Friday, January 1, 2016

Grade 2 Log Cabin quilt

This quilt was brought to me from Rumpled Quilt Skins - the quilt shop in Okotoks. It is the second "class quilt" I've done for them. When they launch a new class, the instructor makes up a finished quilt top to show prospective students what their class time will yield. The first piece I did for them was for their "Russian Tiles" class/kit.

Rumpled Quilt Skins has a clever way of organizing a series of classes they offer on a continual basis. Their beginner quilting class is called "Grade 1". And just like grade school and high school, there are subsequent classes that teach more difficult skills and techniques. An interesting side note: I've had to adjust to this terminology since moving to Canada. In the States, we would more likely say something like: when I was in the "second grade" - but Canadians say: when I was in "grade 2". They even refer to the students that way. Americans = "the second graders are going on a field trip". Canadians = "the Grade Twos are going on a field trip". And as far as I can tell they don't use the same high school terminology either. "What year are you, Jesse? I'm a Grade 12." You won't hear someone say they're a freshman, sophomore, junior, or senior. You WILL commonly hear a high school kid talk about being a "midget" (which strikes me as chuckle-some), but that's in hockey, which is a vast and mysterious world that I have yet to figure out.

This will be the new wall quilt for Rumpled Quilt Skins' Grade Two class, which teaches students how to make the traditional Log Cabin quilt block.
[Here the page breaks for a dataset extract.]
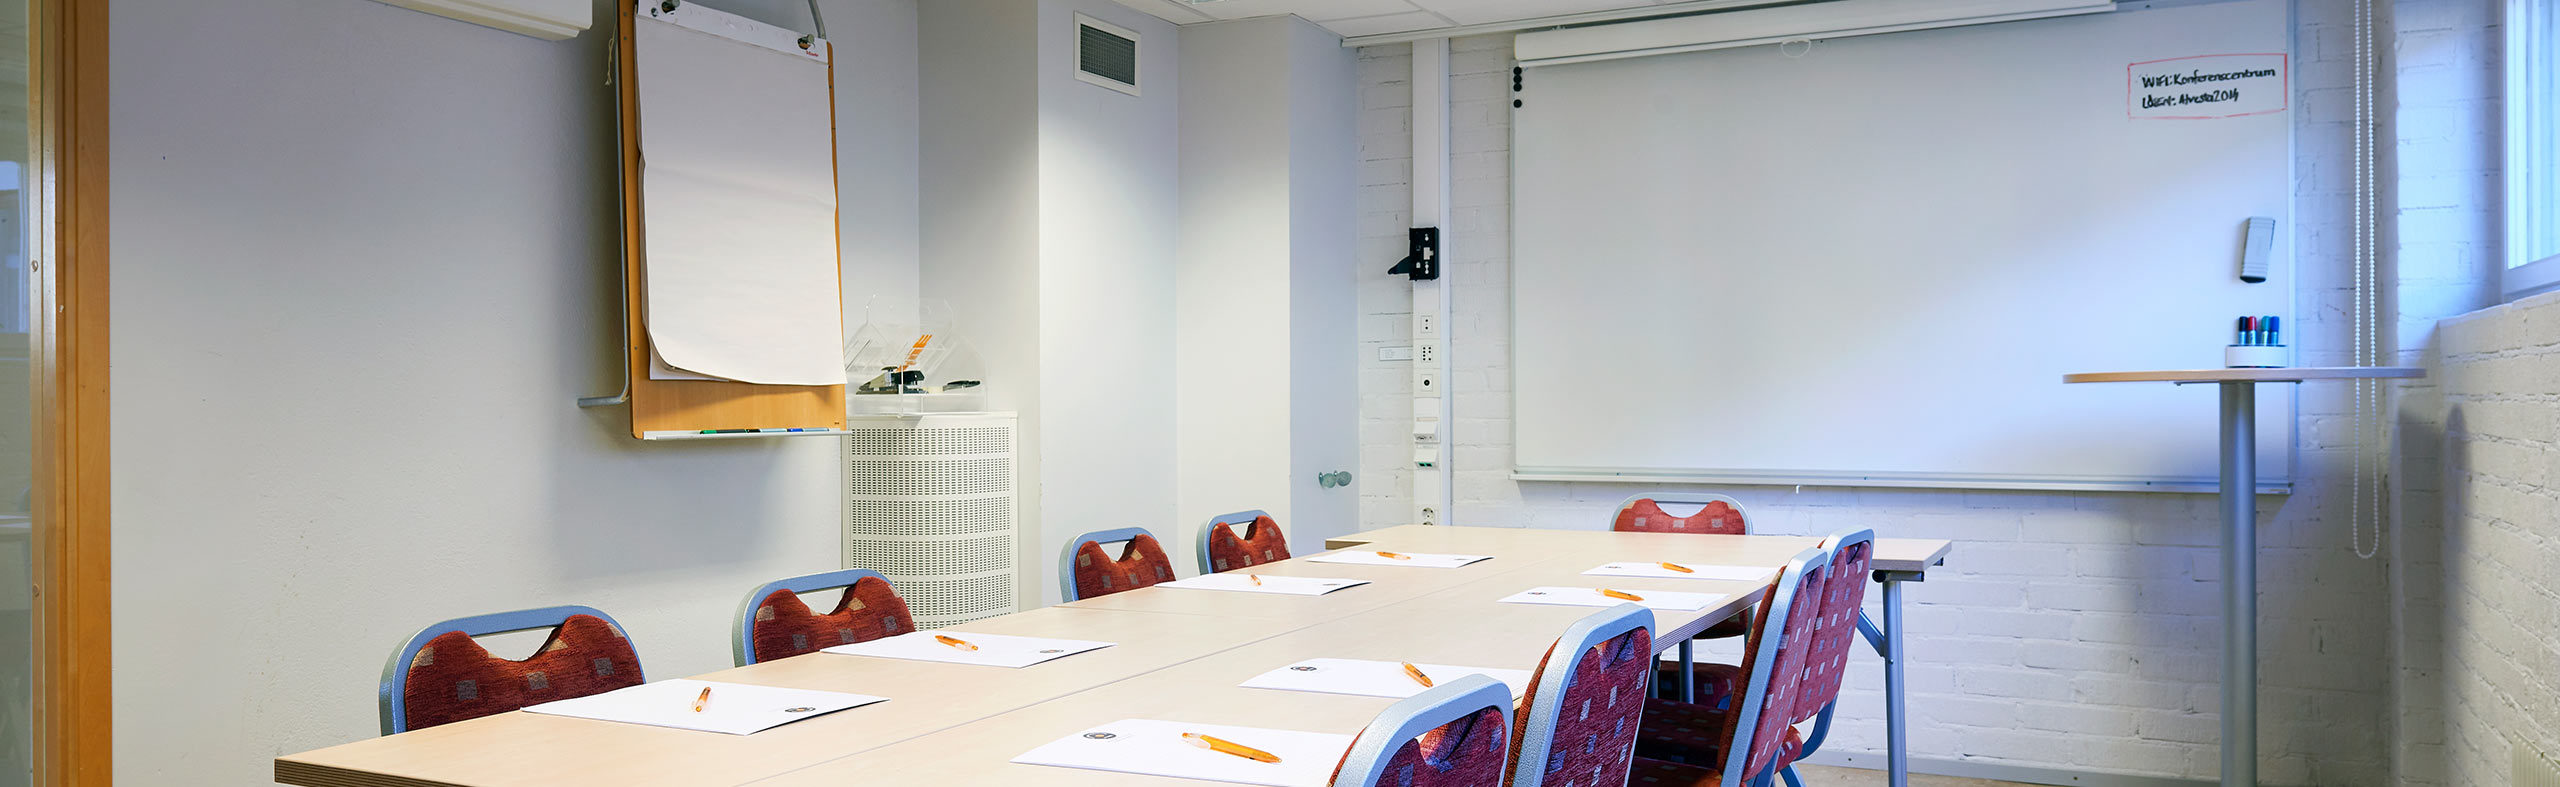 Konferensrum Dressinen Hotell Rådmannen

Linda (shop owner) and Lorna (quilt top sewist and Grade 2 class teacher) had originally proposed feather wreaths in the blocks, but after careful consideration, we were afraid that the high-contrast batik fabrics would not really allow for the quilting to show up that well. So I just went with free-form feathers all over the body of the quilt. Ribbon candy in the thinner inner border. And piano keys in the outer border.

All quilting is non-computerized, hand-guided on an APQS longarm quilting machine.

This was a fly-by-night quilt. Lorna brought it to me on Friday, Dec 18, and I returned it to the shop on Thursday, Dec 24. They wanted it to be bound in time for the shop's Open House and class registration on Saturday, Jan 2. So I got busy, busy, busy, and made this project happen! If you're in the area, stop by 64 N Railway St., in Okotoks, to visit this lovely quilt in person!